— Data extract —

---------------

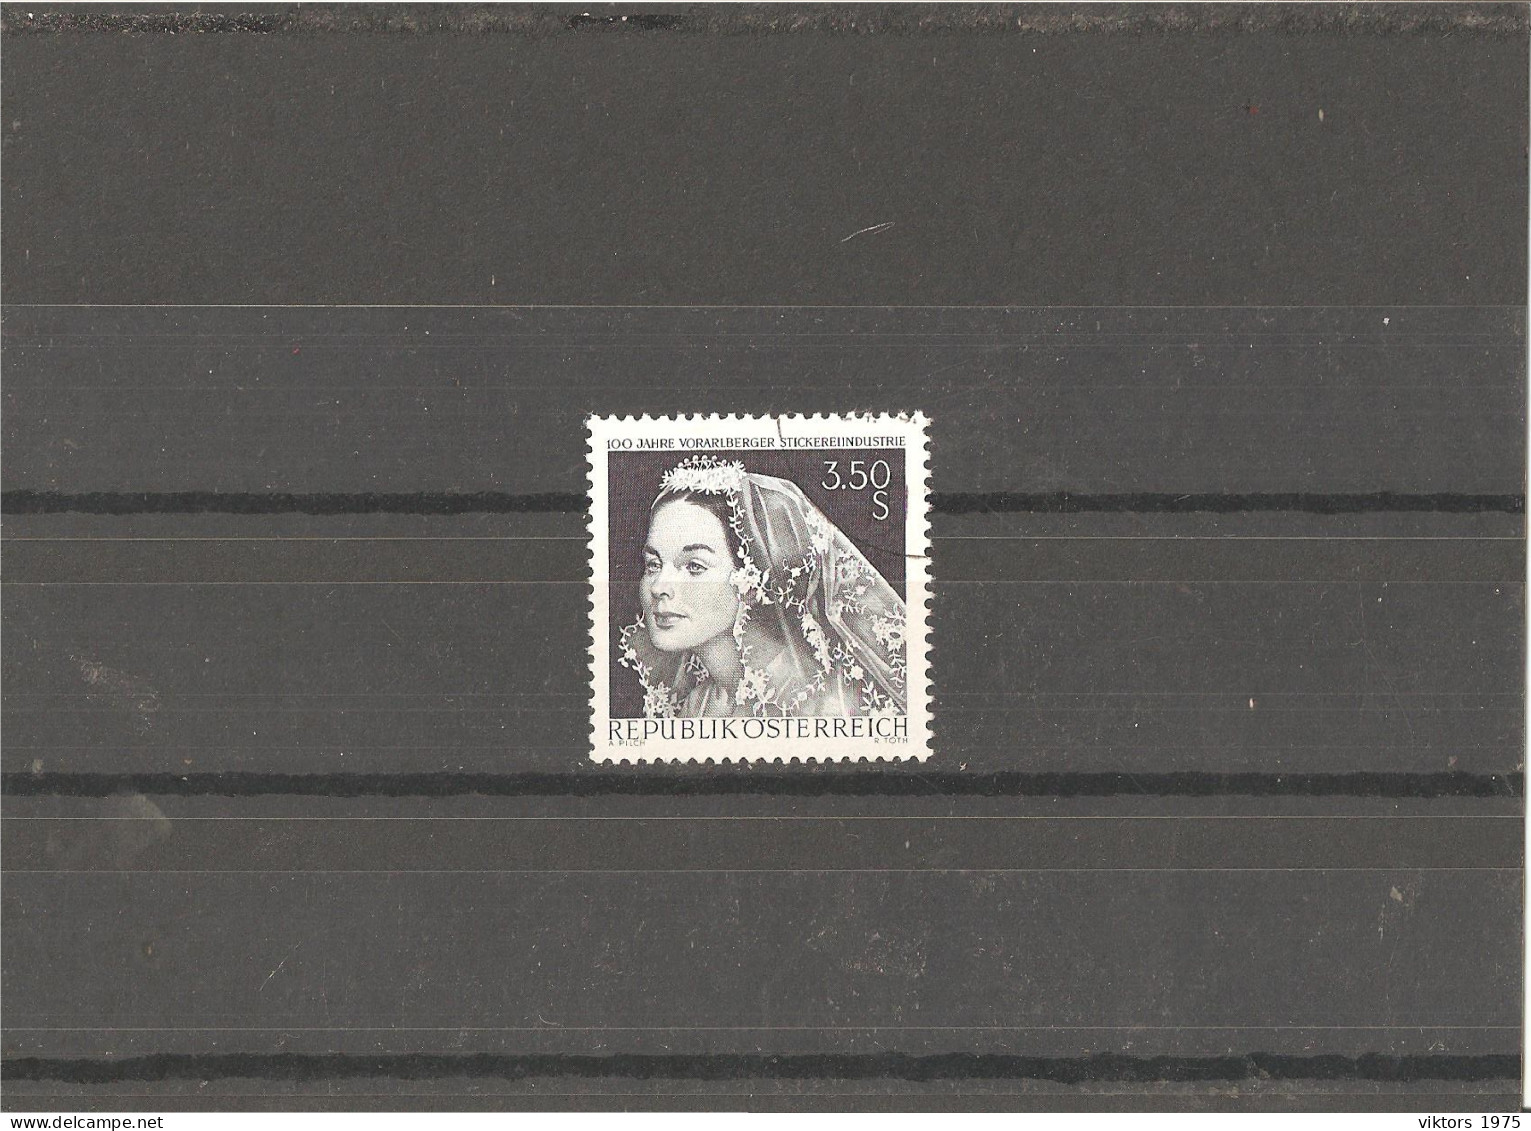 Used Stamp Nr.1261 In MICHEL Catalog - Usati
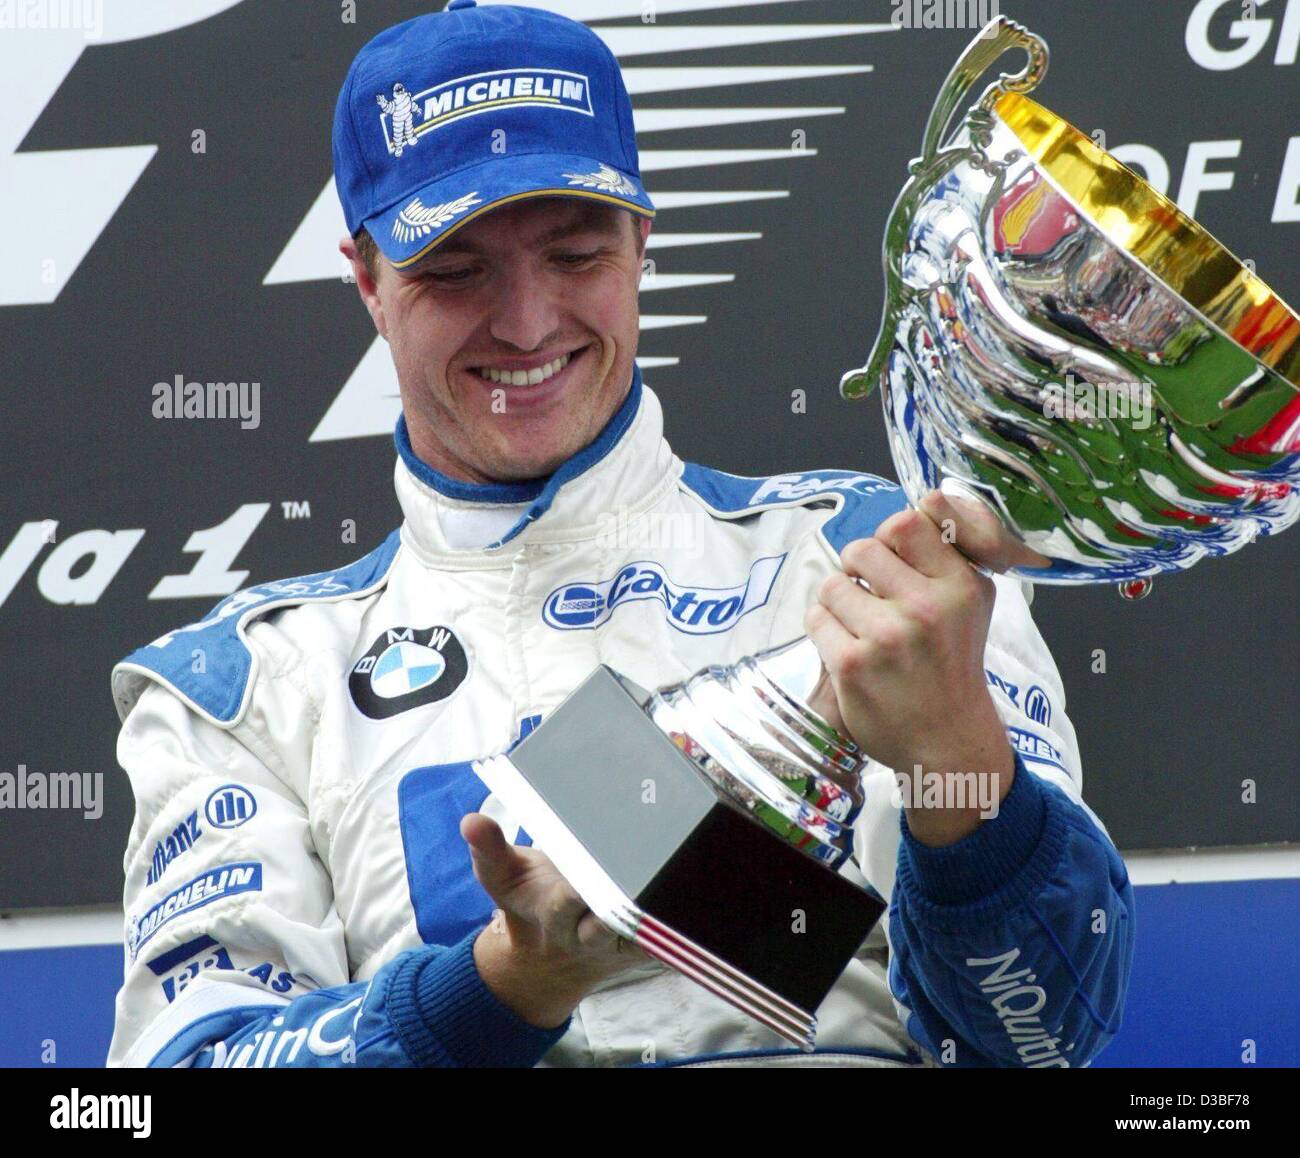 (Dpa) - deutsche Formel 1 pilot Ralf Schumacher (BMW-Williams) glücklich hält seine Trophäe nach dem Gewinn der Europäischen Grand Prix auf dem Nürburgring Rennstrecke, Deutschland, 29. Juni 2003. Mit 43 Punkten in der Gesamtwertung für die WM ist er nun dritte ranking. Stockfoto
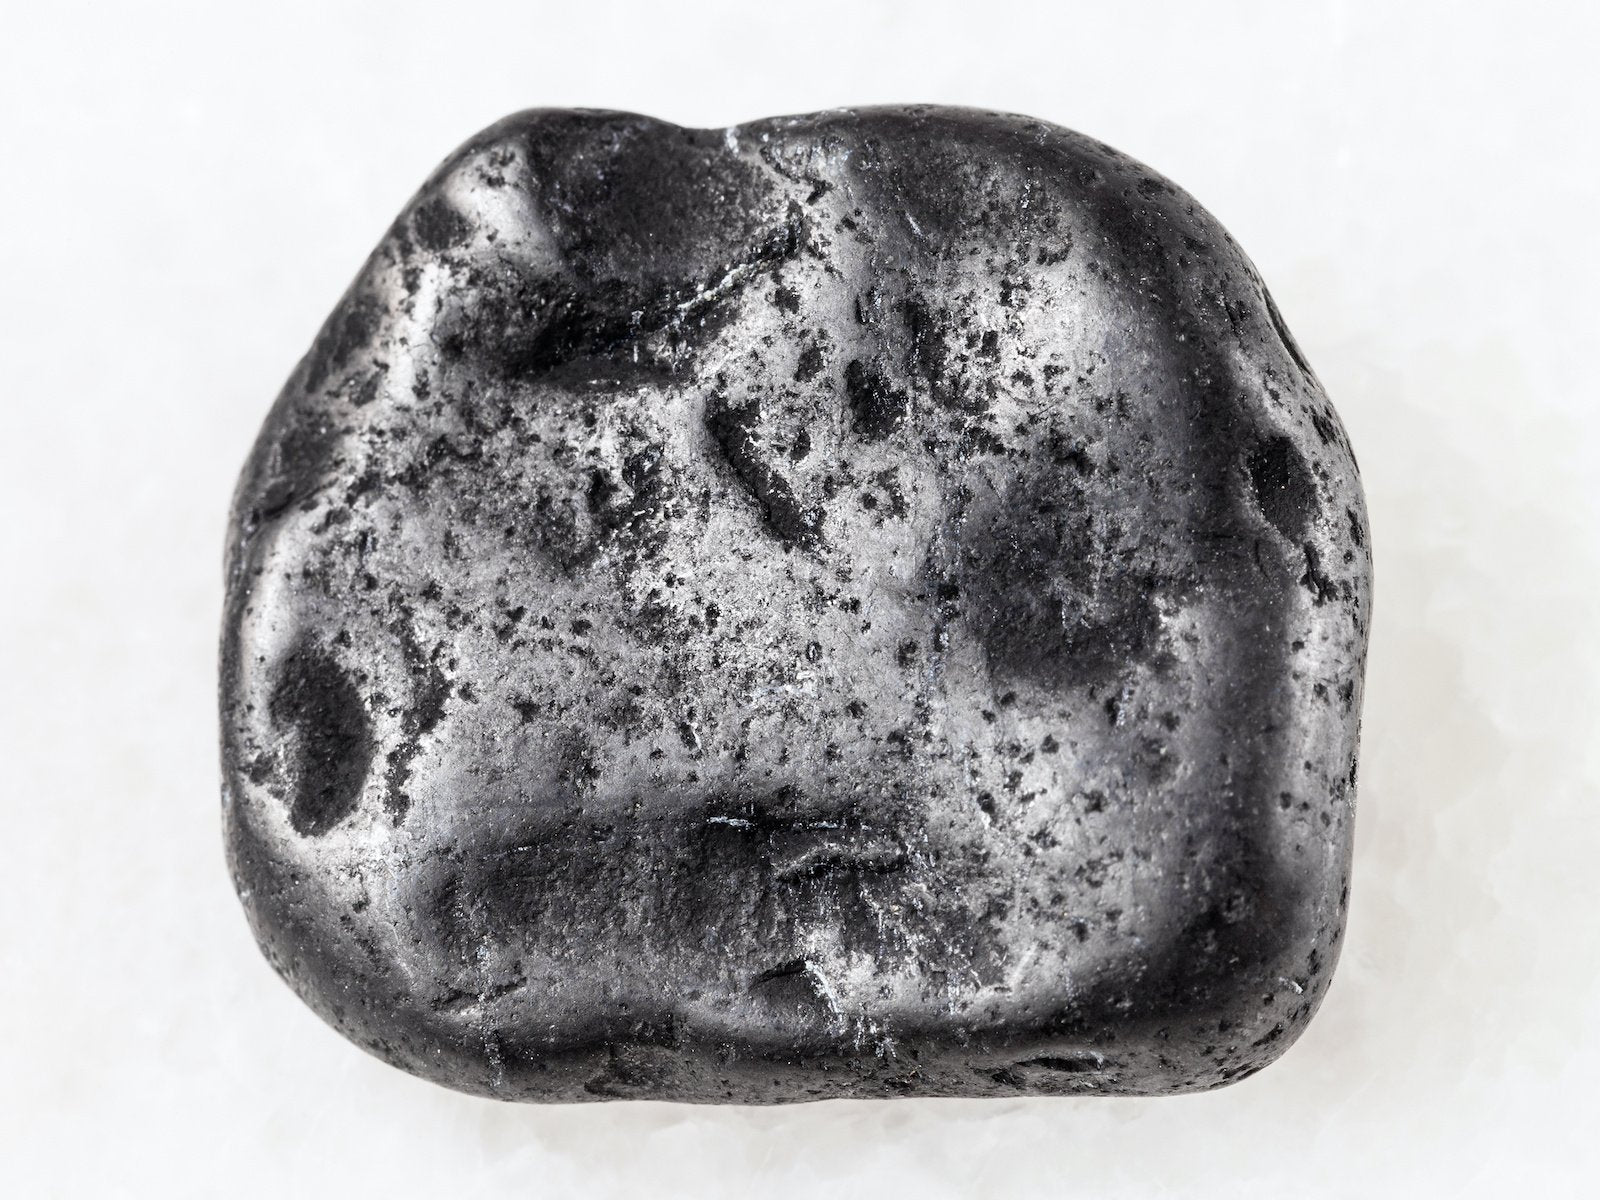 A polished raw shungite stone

---------------

Could you write out the whole listing exactly, skipping every picture?

 Used Stamp Nr.1261 In MICHEL Catalog - Usati
 (Dpa) - deutsche Formel 1 pilot Ralf Schumacher (BMW-Williams) glücklich hält seine Trophäe nach dem Gewinn der Europäischen Grand Prix auf dem Nürburgring Rennstrecke, Deutschland, 29. Juni 2003. Mit 43 Punkten in der Gesamtwertung für die WM ist er nun dritte ranking. Stockfoto
 A polished raw shungite stone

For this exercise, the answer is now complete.